A study of the UK snow sports market by Ski Club of Great Britain's has contradicted findings in another report, published in the summer, which found that the number of skiers and boarders hitting the slopes last winter dipped below a million for the first time in nearly a decade.
"The decline in overall numbers can be attributed to reduced capacity by tour operators, the weak pound and a lack of confidence in the economy. The report, however, goes on to discuss returning confidence to the industry with a stronger pound and investments by resorts to attract UK visitors." said the Ski Club in a statement.
More skiers and snowboarders are travelling with tour operators, with the market share rising to 80%. This increase is at the expense of the independent sector with more people seemingly attracted to the 'value for money' tour operators can bring and the financial security of booking with a bonded operator.

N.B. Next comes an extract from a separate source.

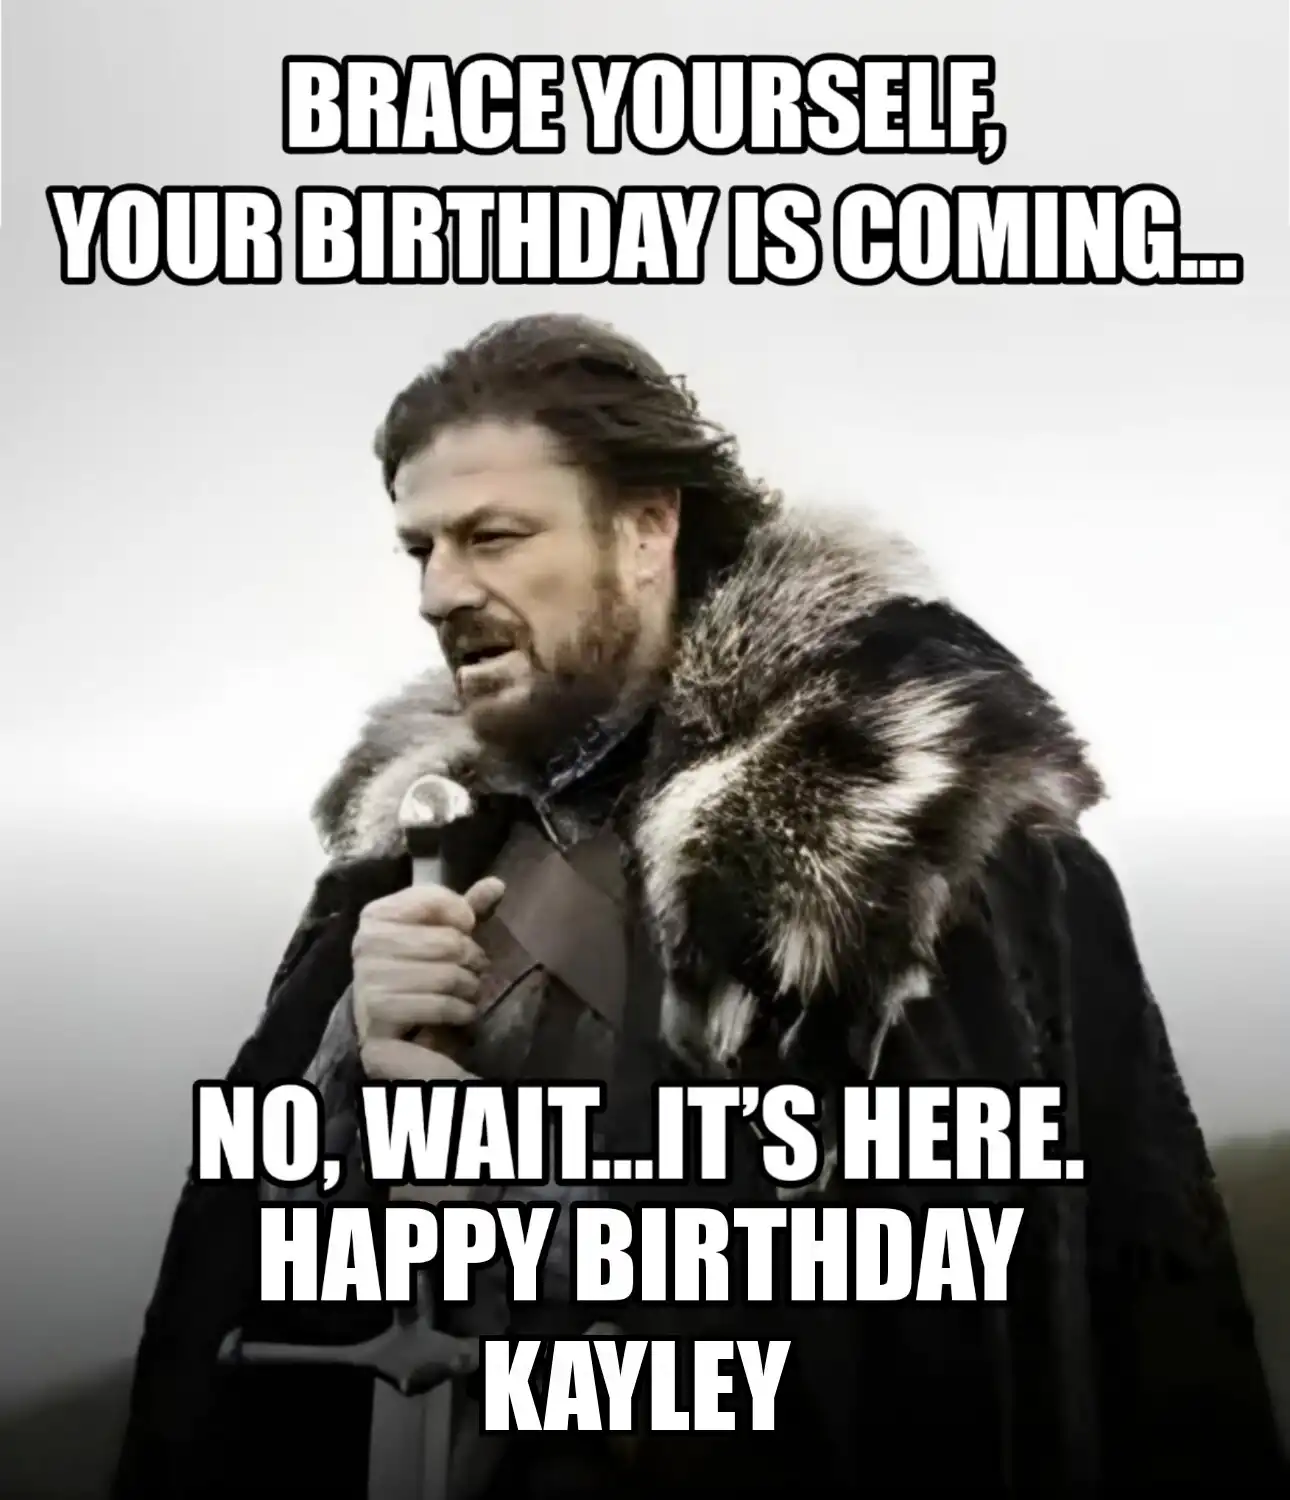 Happy Birthday Kayley Brace Yourself Your Birthday Is Coming Meme
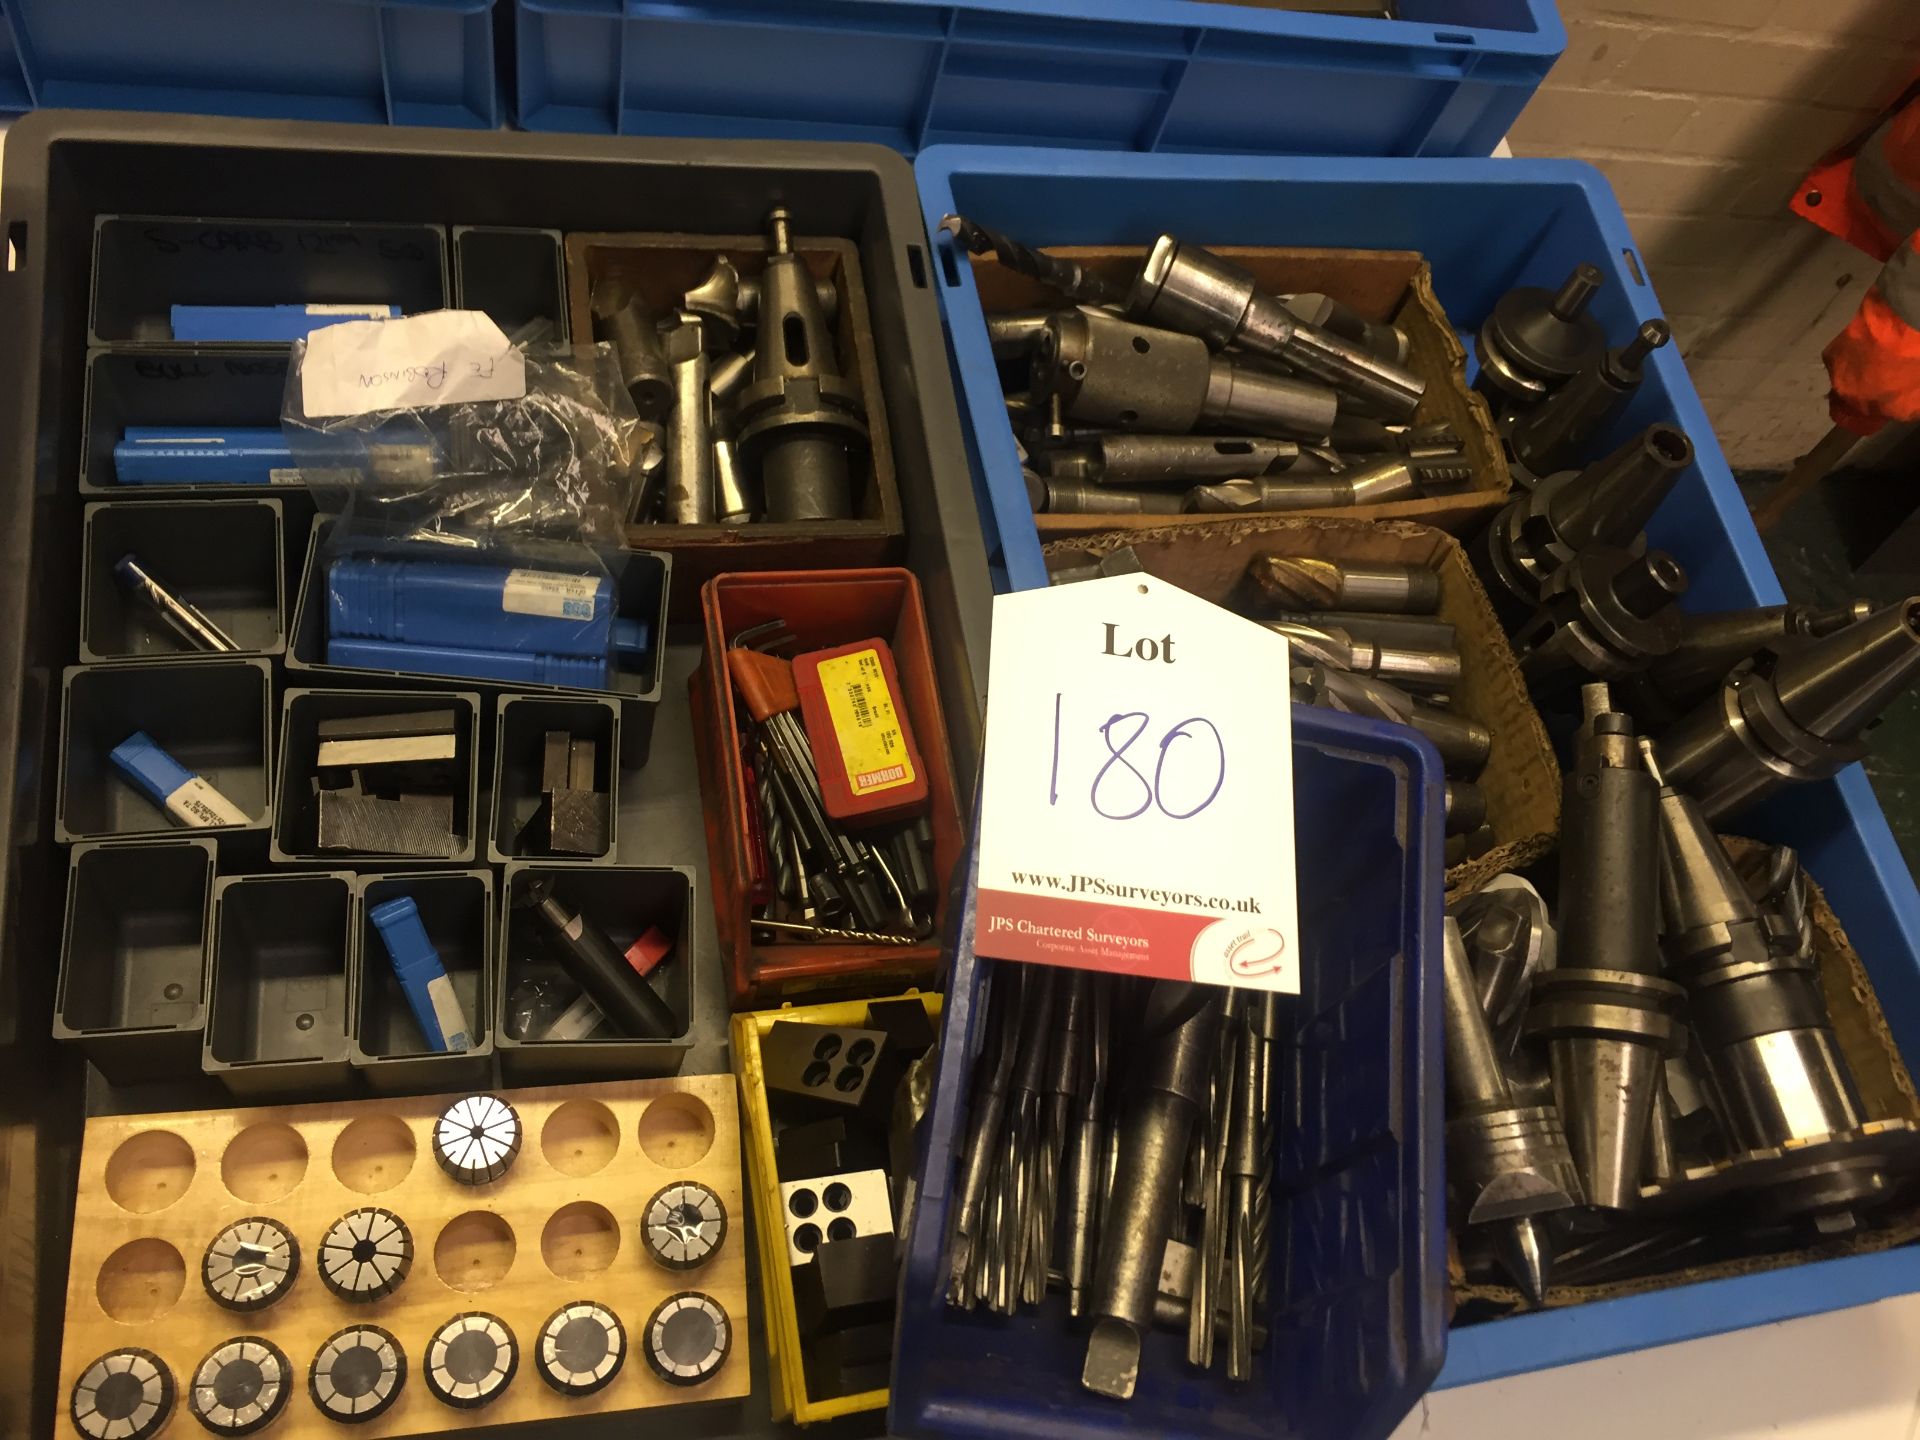 Various cutting tools, arbors, collets, etc. in 3 crates

France's market share declined by 4% as Austria increased their market share by 2% for the second season in a row. France, however, continues to hold the biggest market share of the UK snowsports market with a 39% share.
Caroline Stuart-Taylor, Chief Executive of the Ski Club, commented on the report: "Although last season saw a decline in the UK snowsports market, this was to be expected after significant capacity cuts by tour operators and the economic situation last winter. Many people who have taken two snowsports holidays in the past may only have taken one, and new people may not have been coming into the sport. But optimism is returning to the snowsports market and we are hopeful that the market will at least maintain its position for the forthcoming winter."
Other findings from the report include that the average cost of a snowsports holiday has risen, going from £686 in 2008/9 to £714. Online booking of snowsports holidays increased again, rising 3% year on year. Self drive holidays increased by 2% and train travel to the mountains by 1% and visitors to Scottish ski resorts increased across the five ski centres due to excellent snow conditions in 2009/10.